El KEDO Blackfin Audio Codec es un codificador de señales de audio diseñado para
la tarjeta Blackfin Stamp 537 (ADDS-BF537-STAMP). Cuenta con las siguientes
características:

(a) Bajo consumo de potencia
(b) Dos entradas de audio mono, o una entrada estéreo.
(c) Dos salidas de audio mono o una salida estéreo.
(d) Frecuencias de muestreo de 8 a 100kHz
(e) Filtro pasa altas de entrada para eliminar la señal de Voltaje directo.
(f) La entrada puede ser de hasta 1V (RMS)
(g) Separación de las etapas de alimentación de potencia de las entradas y las salidas
(h) Basado en el circuito integrado de bajo costo UDA1345TS.
(i) Conectado directamente al SPORT del Blackfin por lo que no requiere de
alimentación independiente

El proyecto está en fase ALFA, se ha terminado el diseño de las especificaciones, el diagrama esquemático y la tablilla electrónica.   Se va a proceder a la fabricación de los prototipos y esperamos que en unos 15 días se empieze a probar el diseño e implementar el software para la tarjeta Balckfin STAMP BF-537.

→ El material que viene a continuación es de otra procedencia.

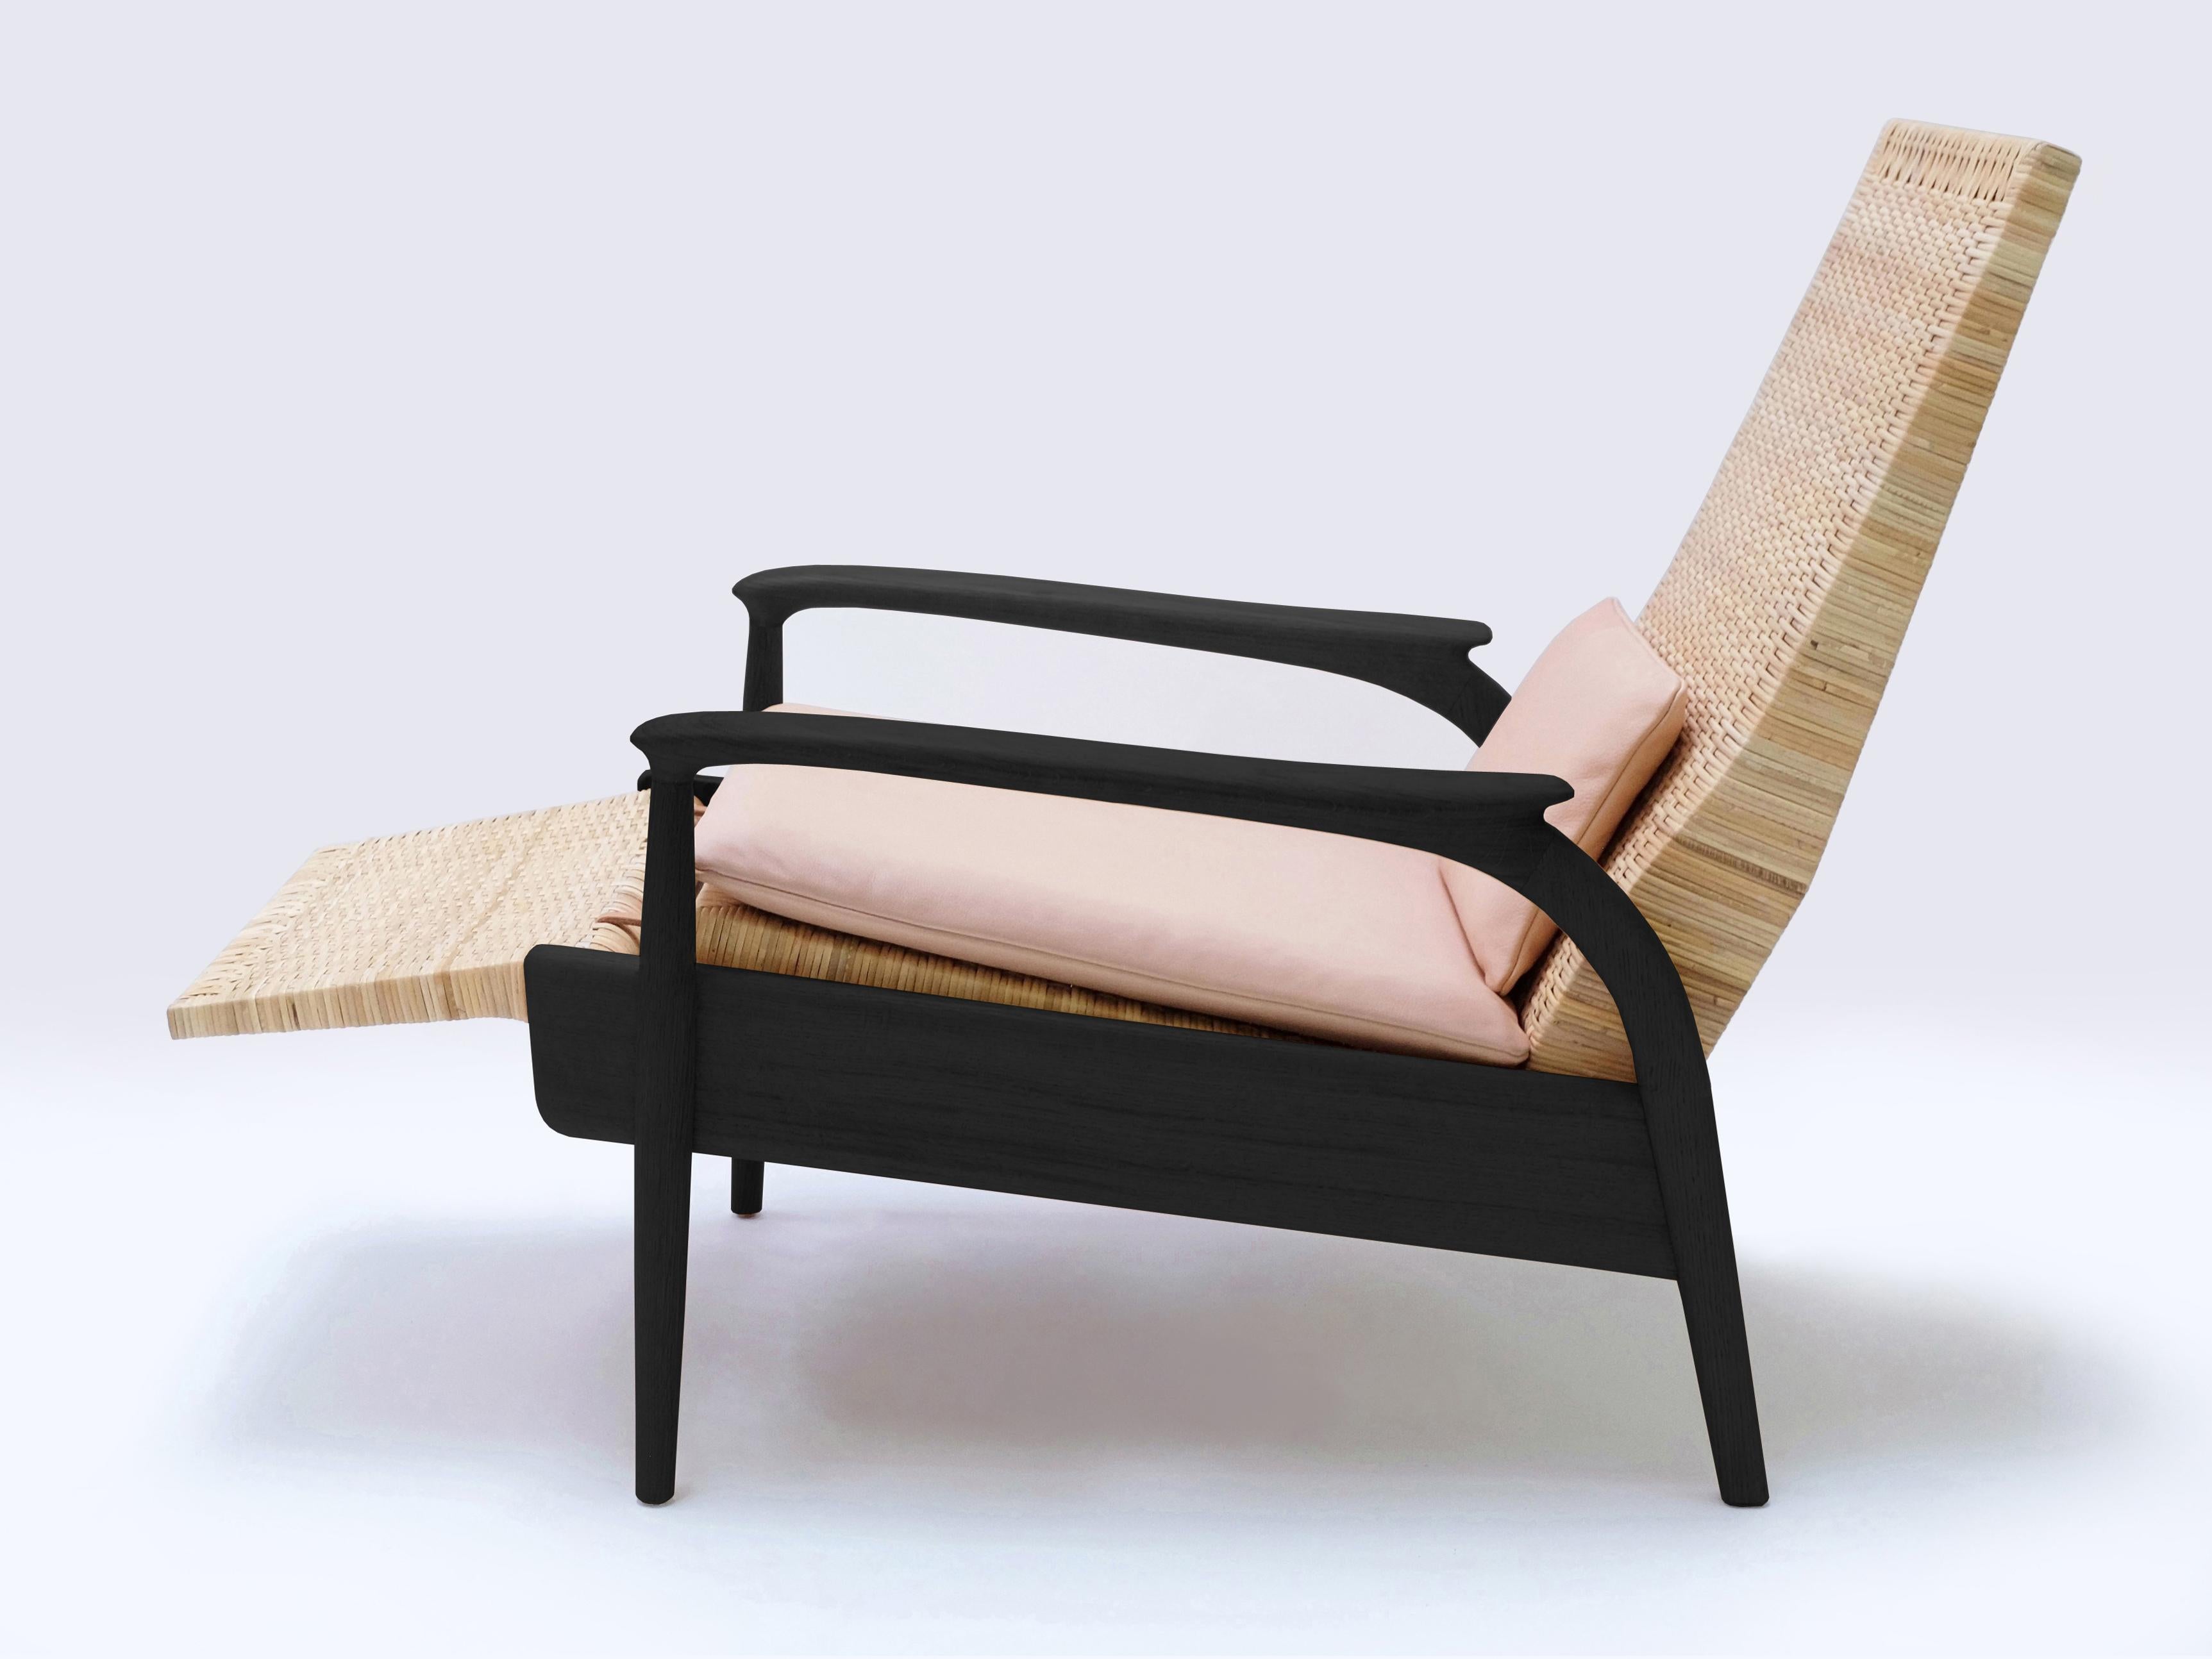 English Custom-made Lounge Chair, natural blackended Oak, Natural Cane, Leather Cushions For Sale

Éste proyecto es "Open System Hardware" o diseño electrónico libre bajo la licencia GPL con la intención de que sea de utilidad para la comunidad electrónica, por lo que puedes utilizar, modificar o corregir las especificaciones, diagramas o diseño de la tablilla sin tener que pagar nada.   No nos hacemos responsable por el funcionamiento incorrecto u algúna defecto en el mismo, para mejores detalles puedes leer bajo los términos de la licencia GPL.

Espero les sirva la información liberada para aprender más sobre los codificadores de audio.

Saludos,


----------